Burn v. Evening Post Publishing Company

138 S.E. 520 | S.C. | 1927

Lead Opinion

June 16, 1927. The opinion of the Court was delivered by The above four cases are actions against the defendant, based on alleged libel and slander contained in a publication in the Charleston Evening Post, a newspaper owned by the defendant. All of these cases arose out of the same transaction and publication; the allegations of the complaint and of the answers being practically identical. The Circuit Judge sustained demurrers interposed to the defenses pleaded in the seventh and ninth paragraphs of the answers. The questions raised by the appeal in the four cases are the same. We shall consider the appeal in the first case, and the decision in that case will dispose of the others as well.

The defense contained in the seventh paragraph of the answer is as follows:

"Seventh. That no complaint in regard to the said *27 publication was made to defendant, nor was it ever informed that the information therein contained was erroneous at any time from the time of the said publication, to wit, the 30th day of April, 1925, down to date of the service of the summons and complaint in this action, and this defendant would have been glad and willing to have published any correction of the said report, if the said report was erroneous, or incorrect."

The appellant contends that, in sustaining the demurrer to the defense set up in this paragraph, the Circuit Judge erred, for the reason that the allegations therein contained constitute a defense (1) by way of mitigation of damages, (2) against malice and willfulness alleged in the complaint, and (3) as showing failure on the part of the plaintiff to mitigate any damages that might have accrued from the publication.

We do not agree with this contention. We know of no statute or rule of law imposing upon the plaintiff the obligation or duty, in an action for libel, to advise the defendant that it had published a libel or made an erroneous statement concerning him, or to request that correction be made. Certainly, testimony in support of an allegation by the defendant that "it would have been glad and willing to have published any correction of the said report, if the said report was erroneous, or incorrect," had any complaint been made to it in regard to the said publication, would not be admissible in mitigation of damages.

In the case of Coffman v. Spokane Chronicle PublishingCo., 65 Wn., 1; 117 P., 596; Ann. Cas., 1913-B, 636 (cited by the respondent), in disposing of a similar question raised in that case, the Court said:

"No judicial decision, rule of law, or existing statute has been cited which imposes upon the plaintiff in an action for libel the duty of requesting any further publication from the defendant. Moreover, there is not in the record any *28 evidence that the appellant informed respondents the columns of its paper were open to them. When a newspaper has libeled a person, the duty is imposed upon it to make a full and complete retraction. If it does so, it may plead and show such retraction in mitigation of damages, as appellant has done in this action. An offer to the person libeled to publish any reasonable or truthful statement he may desire will not of itself constitute a correction of the wrong, nor will it deprive the libeled party of the right to recover damages, if he does not avail himself of the offer."

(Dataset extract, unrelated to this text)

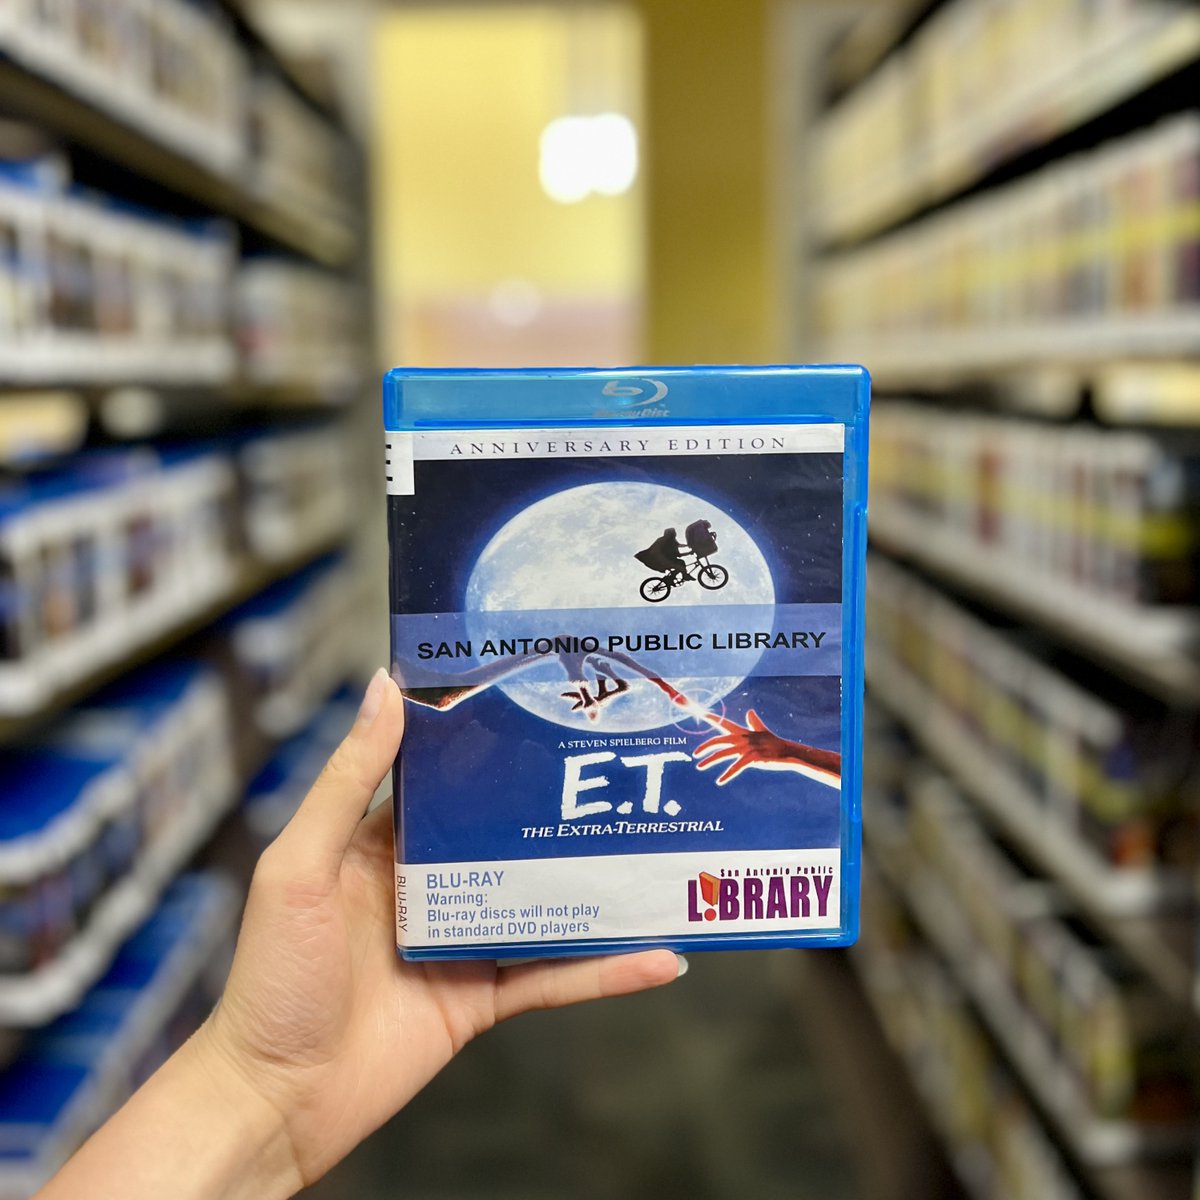 🚀 ”E.T. phone home!” Blast off on a literary journey through space and time with our sci-fi selection! From stories and movies with aliens to futuristic adventures, there's something for every sci-fi fan to enjoy. 🌌📖 #SciFiMovies #SciFiReads #SAPL

The Circuit Judge also correctly sustained the demurrer to the defendant's defense set up in the ninth paragraph of the answer. This paragraph is as follows:

"Ninth. That defendant is informed and verily believes that certain weapons, to wit, pistols, were found by the rural policemen who made the arrest of the plaintiff, which were alleged to have been in his custody and possession, and that defendant is informed the said plaintiff owned or had an interest in said pistols."

The alleged libelous matter published in the defendant's paper contains the statement that the plaintiff had been convicted and fined for carrying concealed weapons, and hence charges him with being a violator of the law. The above defense does not plead the truth of the alleged libelous matter; it does not even allege that plaintiff's possession of the pistol was unlawful. If the defendant desired to prove, by way of mitigation of damages, that the plaintiff had in his possession a concealed weapon, though he was not convicted on such charge, it should have so pleaded.

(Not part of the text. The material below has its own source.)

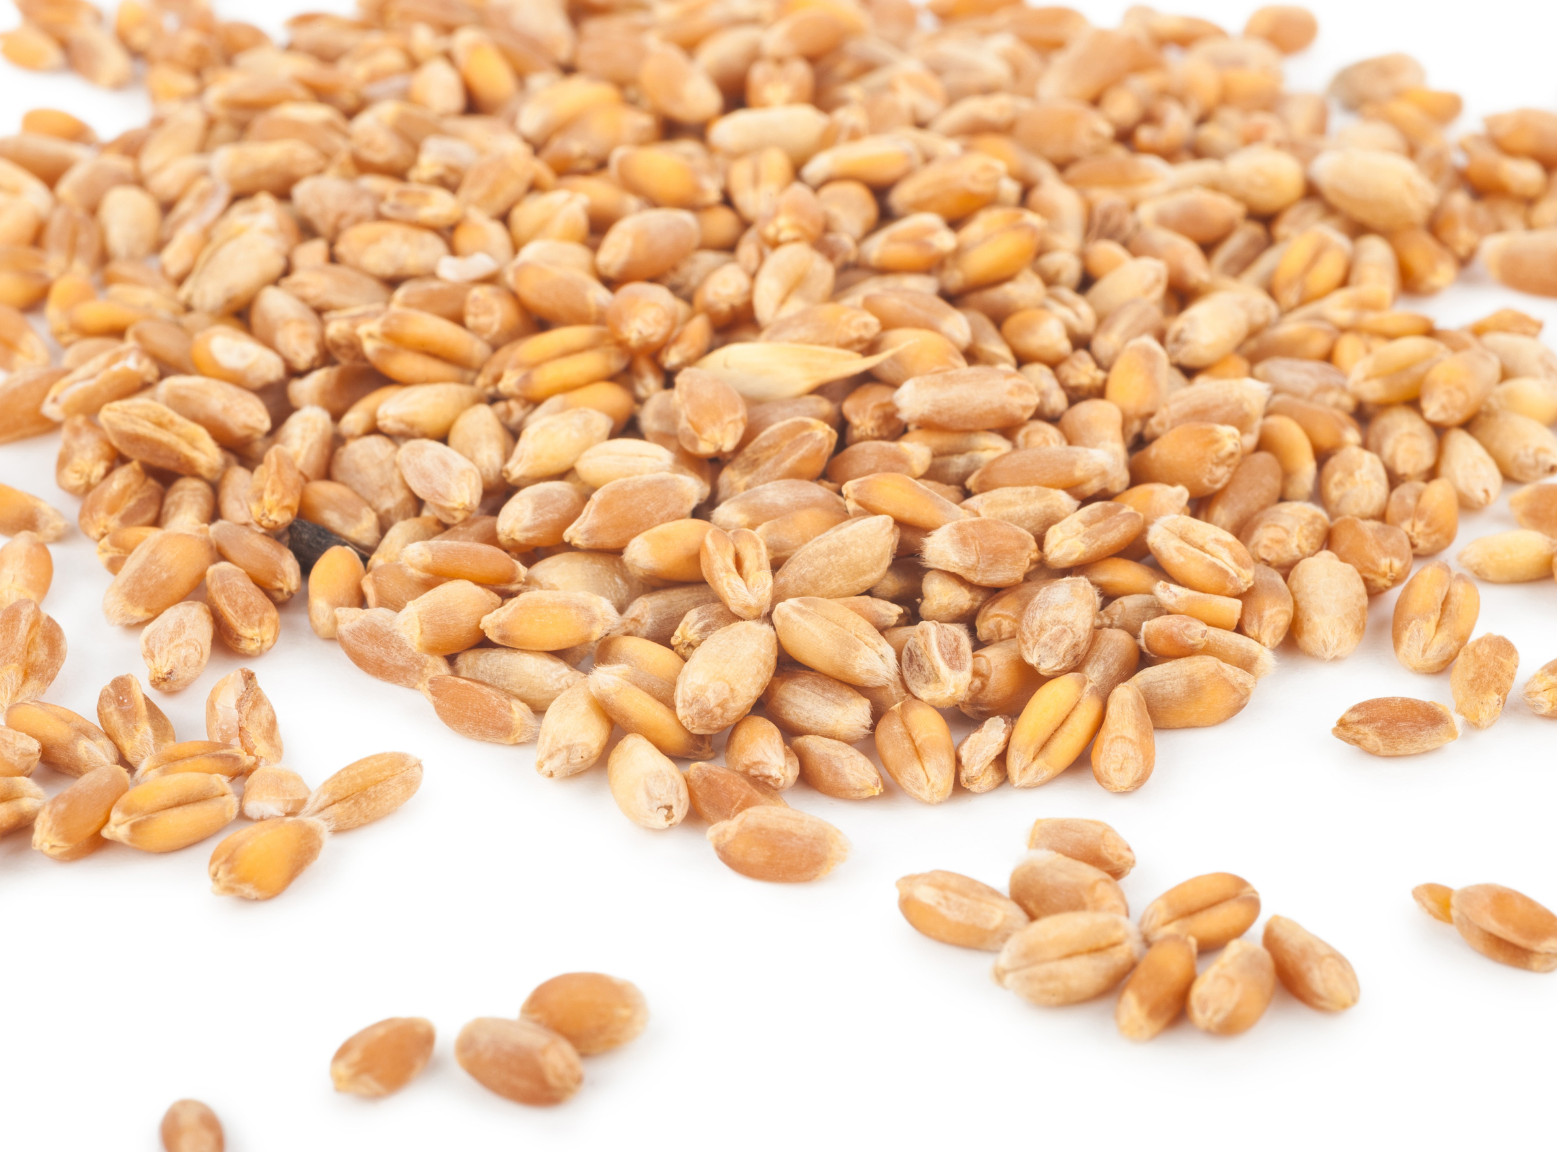 wheat grains on a white background

Even if the plaintiff had a pistol in his possession, or owned an interest in one, such fact alone would not constitute a defense to the alleged libel. An allegation of that kind would not enable the defendant to introduce testimony to prove that the plaintiff was carrying a concealed weapon. *29 If defendant desired to offer testimony to that effect, it should have inserted in its answer an appropriate allegation.

The judgment of this Court is that the order appealed from in each of the said four cases be affirmed.

MESSRS. JUSTICES BLEASE and CARTER concur.






Dissenting Opinion

The above-stated case and three others by William M. Sims, George D. Kleckley, and Wade L. Murray were instituted against the defendant for damages on account of an alleged libel in the publication of an article in the Charleston Evening Post to the effect that the plaintiffs had been arrested and fined under the charge of carrying concealed weapons. The four cases arose out of the same publication; the allegations of the complaints and answers are identical; they were heard together in this Court; and the conclusion in the case above stated will apply to the other three.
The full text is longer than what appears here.